> Data
▼▼▼

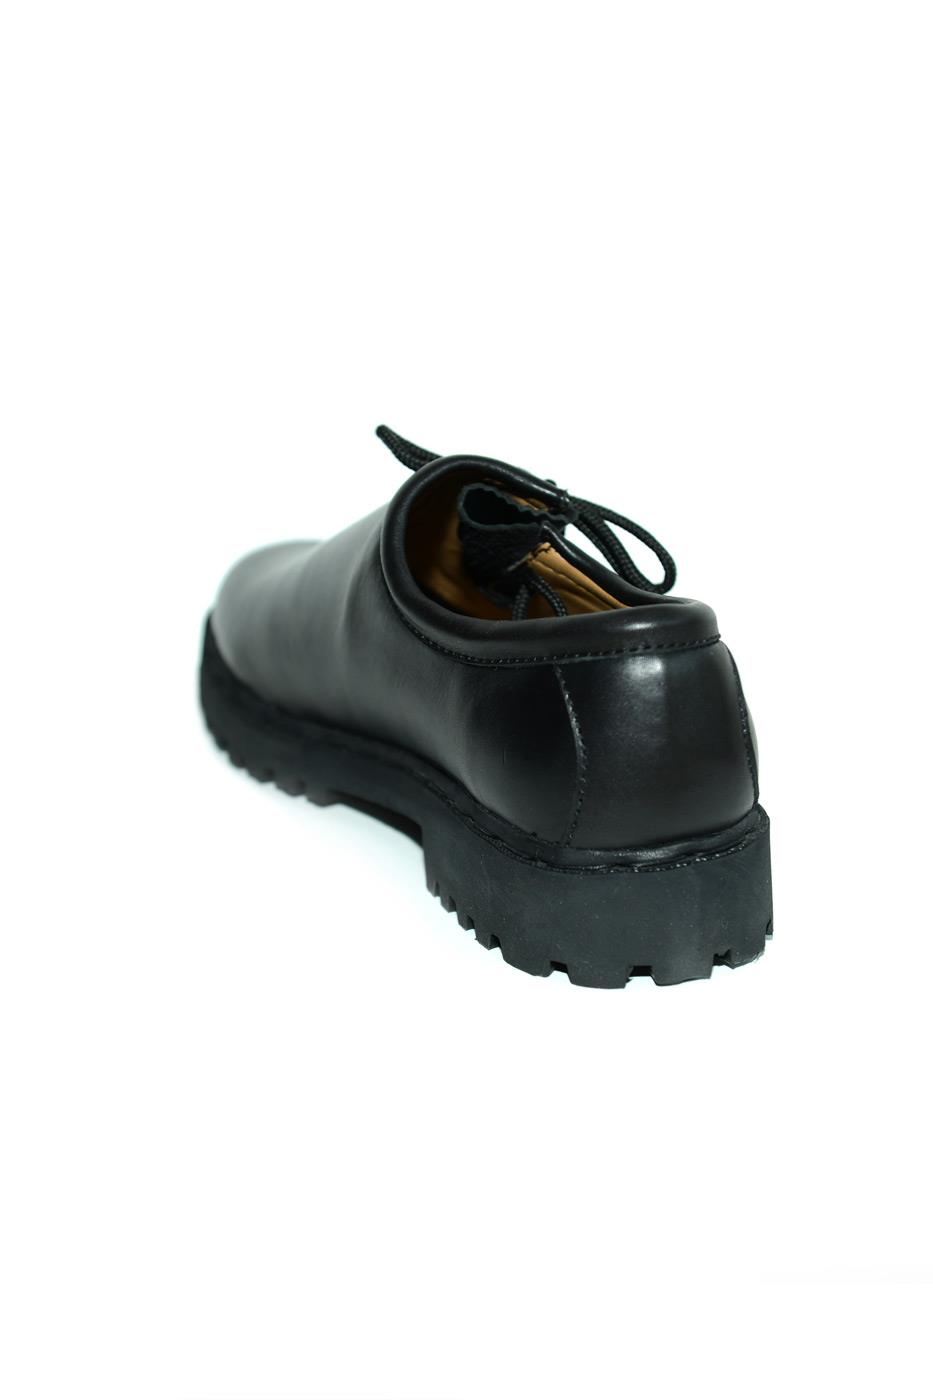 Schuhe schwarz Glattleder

▲▲▲
▼▼▼

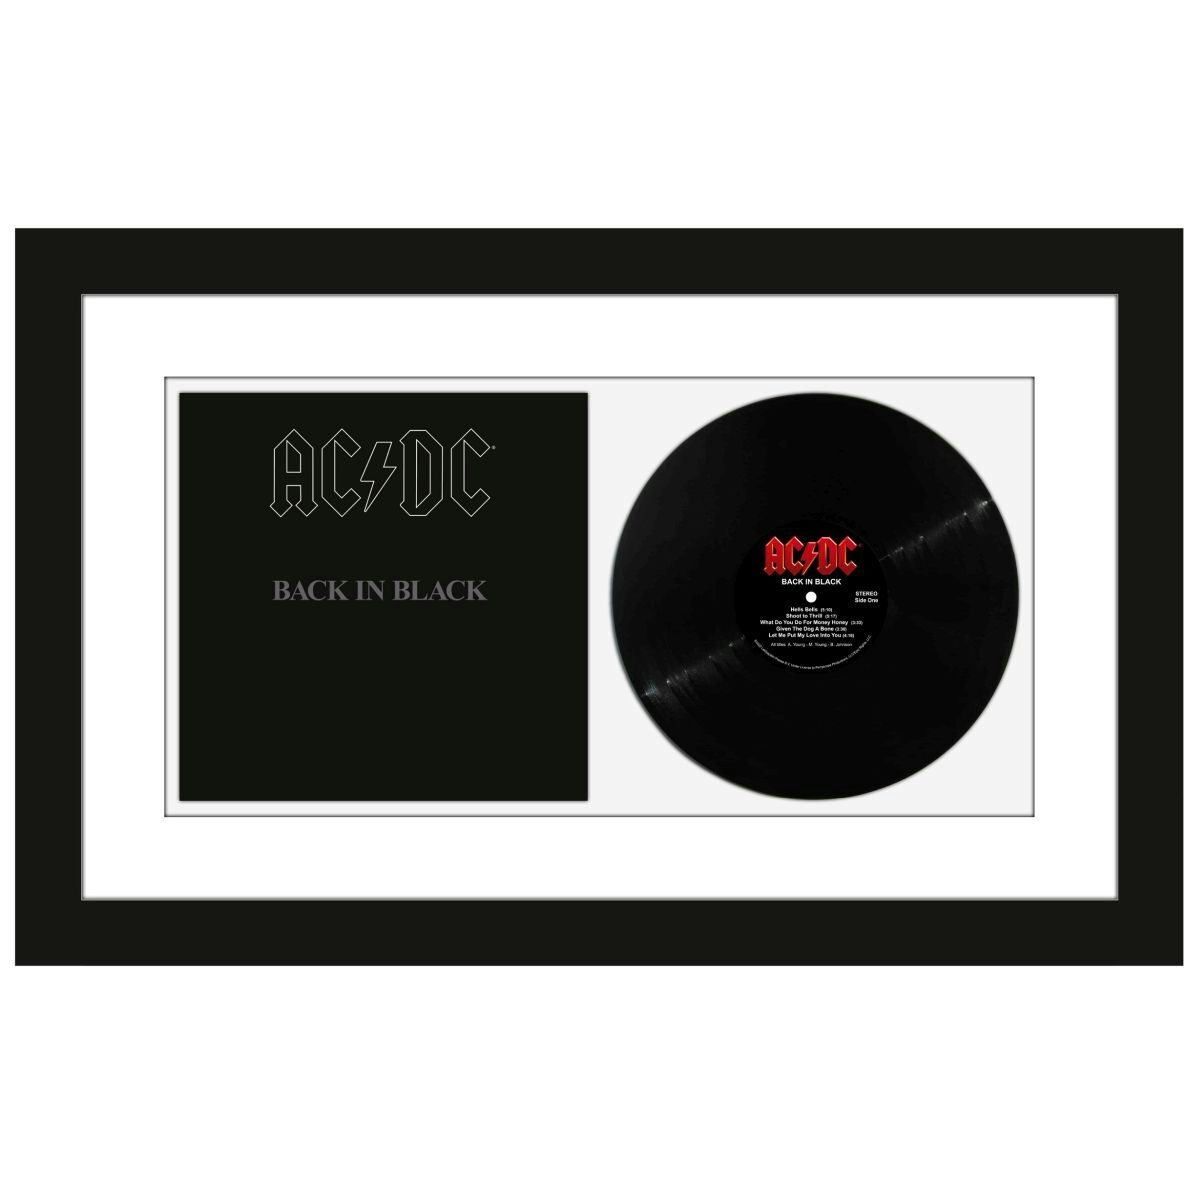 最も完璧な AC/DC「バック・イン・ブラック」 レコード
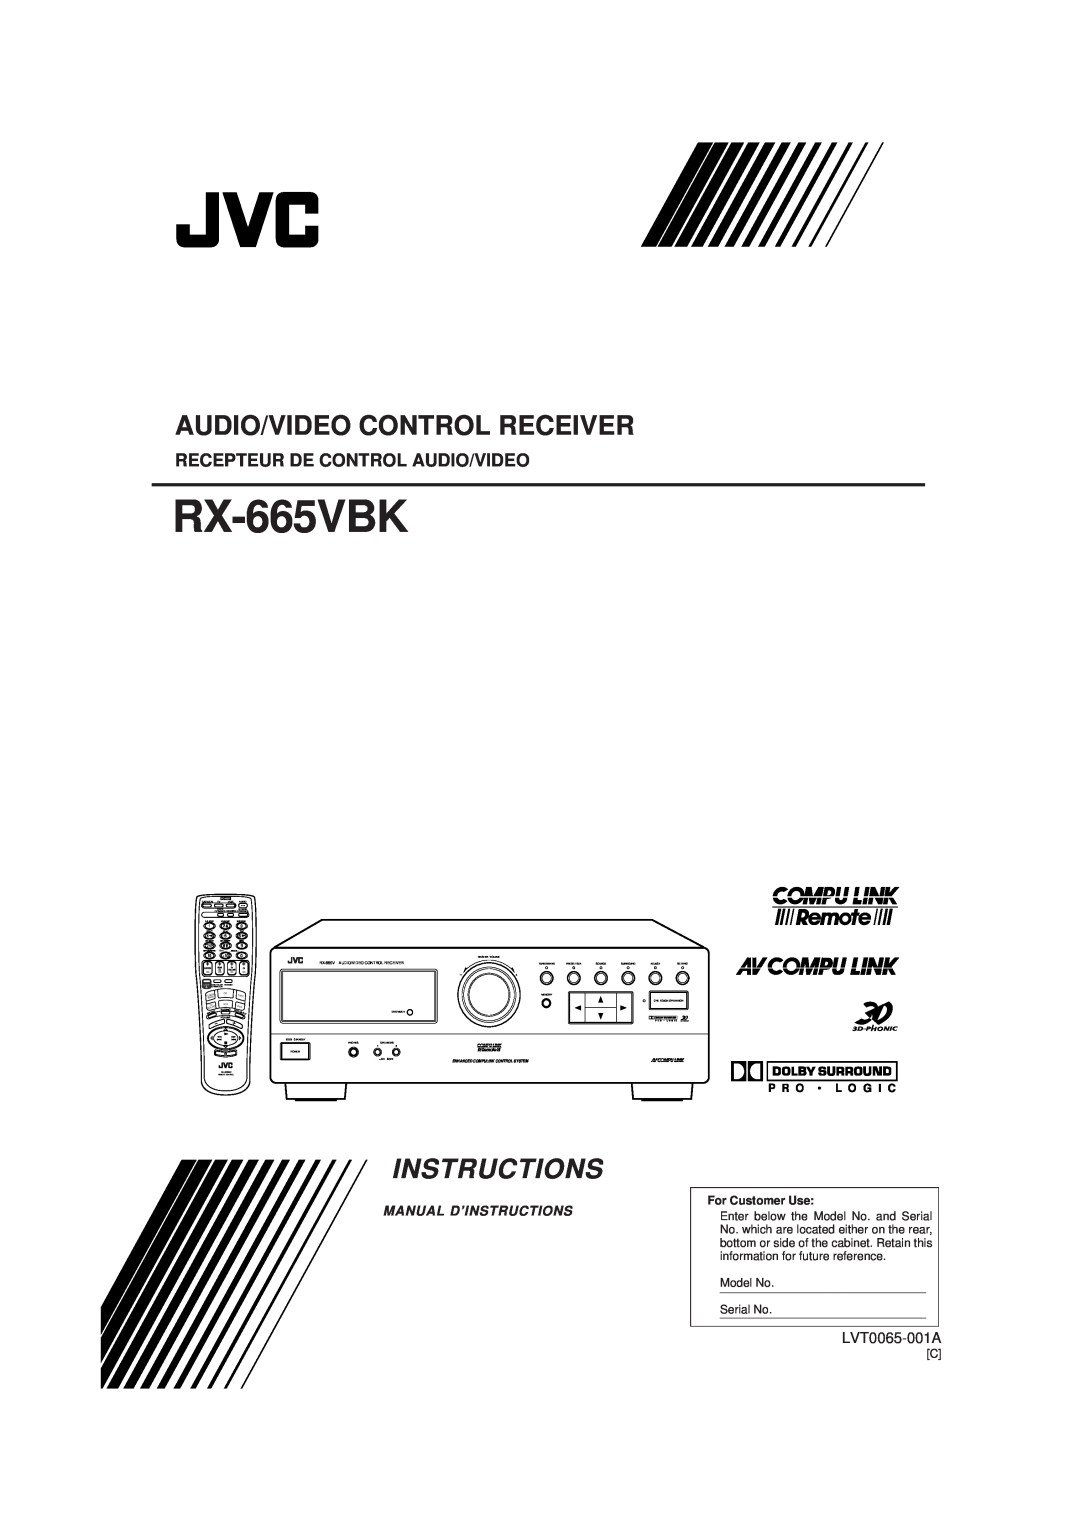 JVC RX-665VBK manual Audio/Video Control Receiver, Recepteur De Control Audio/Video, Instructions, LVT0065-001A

▲▲▲
▼▼▼

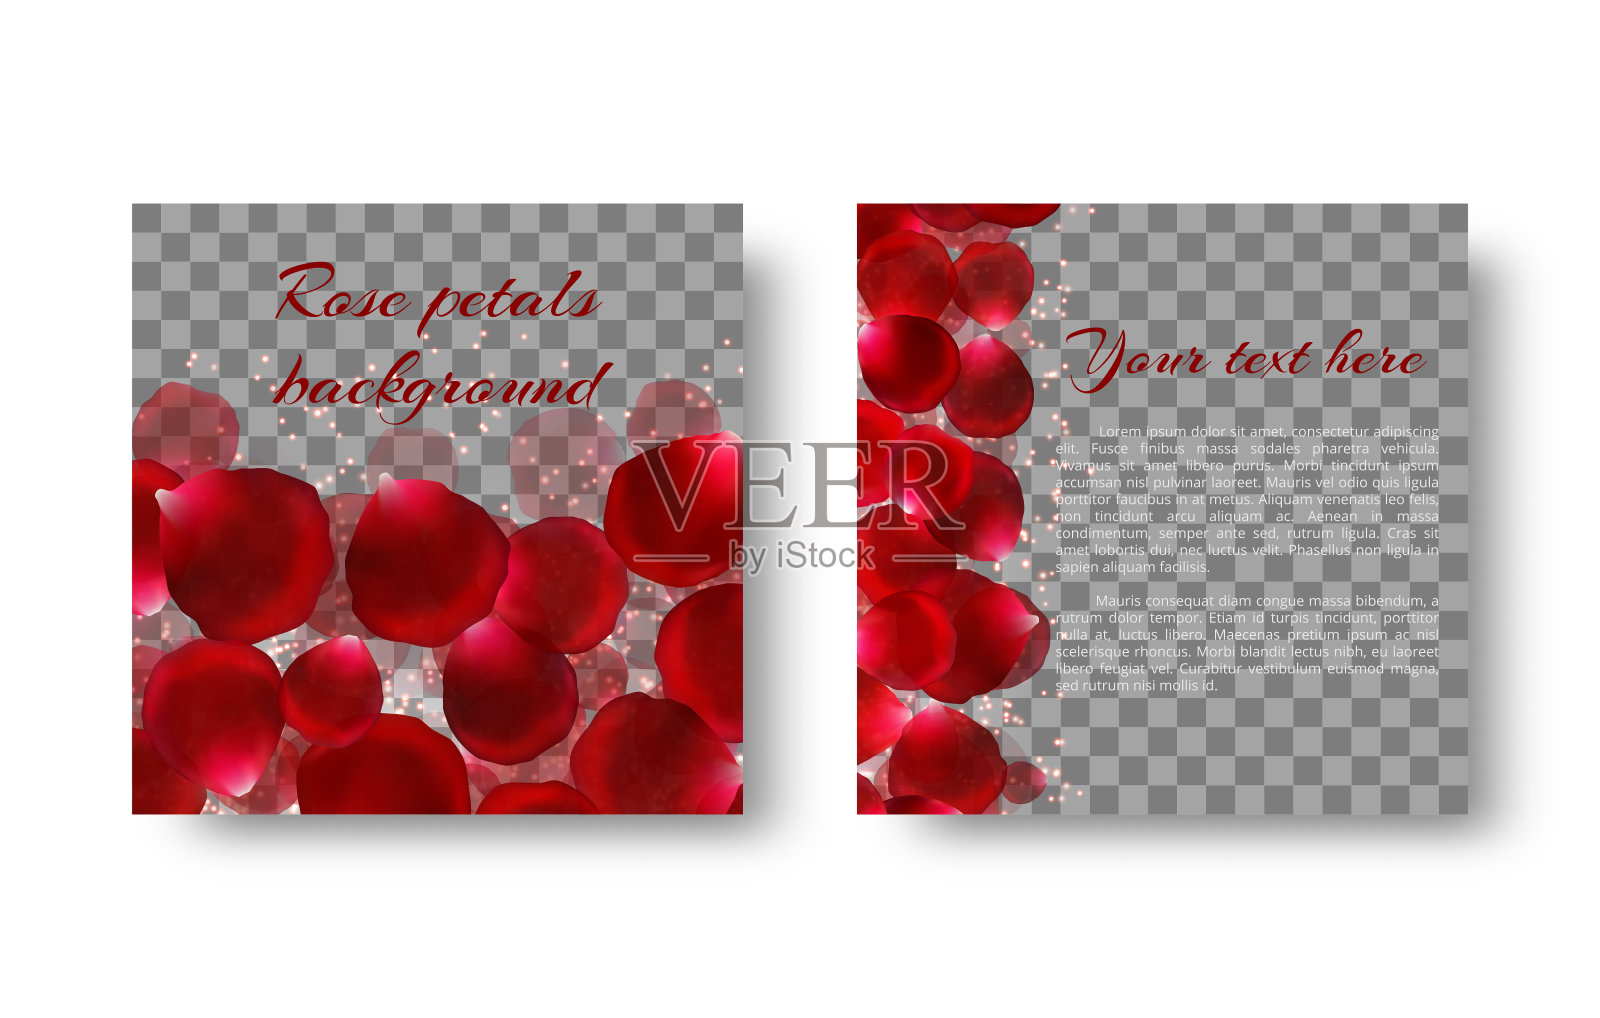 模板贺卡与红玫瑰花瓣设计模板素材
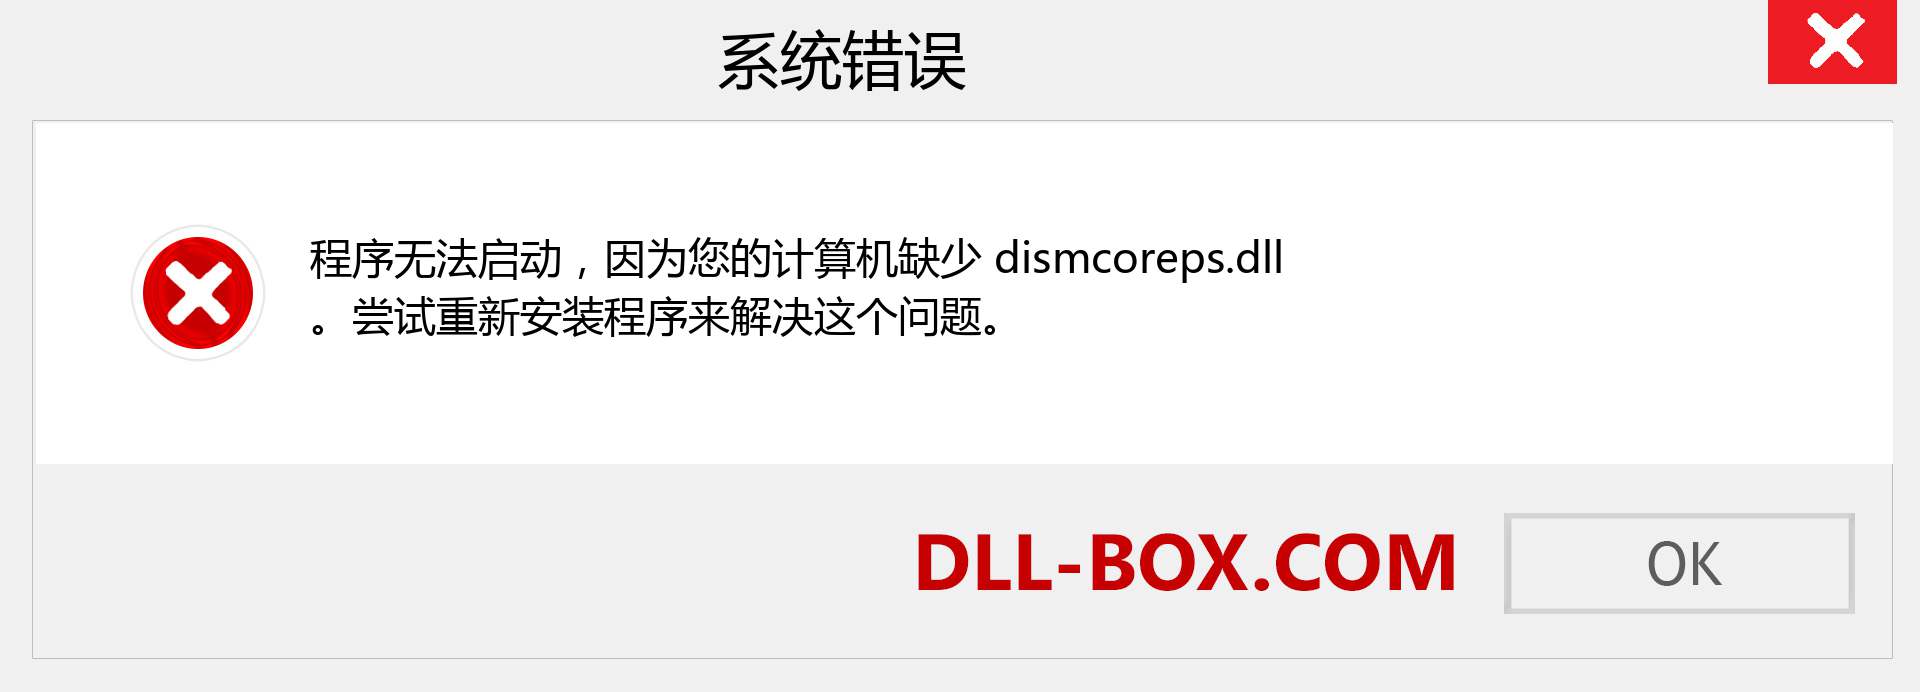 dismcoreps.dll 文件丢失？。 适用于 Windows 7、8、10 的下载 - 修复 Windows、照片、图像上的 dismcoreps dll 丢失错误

▲▲▲

> Task to complete
Within the listing above, find the line containing "模板贺卡与红玫瑰花瓣设计模板素材" and the line containing "dismcoreps.dll 文件丢失？。 适用于". Transcribe them and everything between them exactly, leaving out the pictures.

> Response to this task
 模板贺卡与红玫瑰花瓣设计模板素材
 dismcoreps.dll 文件丢失？。 适用于 Windows 7、8、10 的下载 - 修复 Windows、照片、图像上的 dismcoreps dll 丢失错误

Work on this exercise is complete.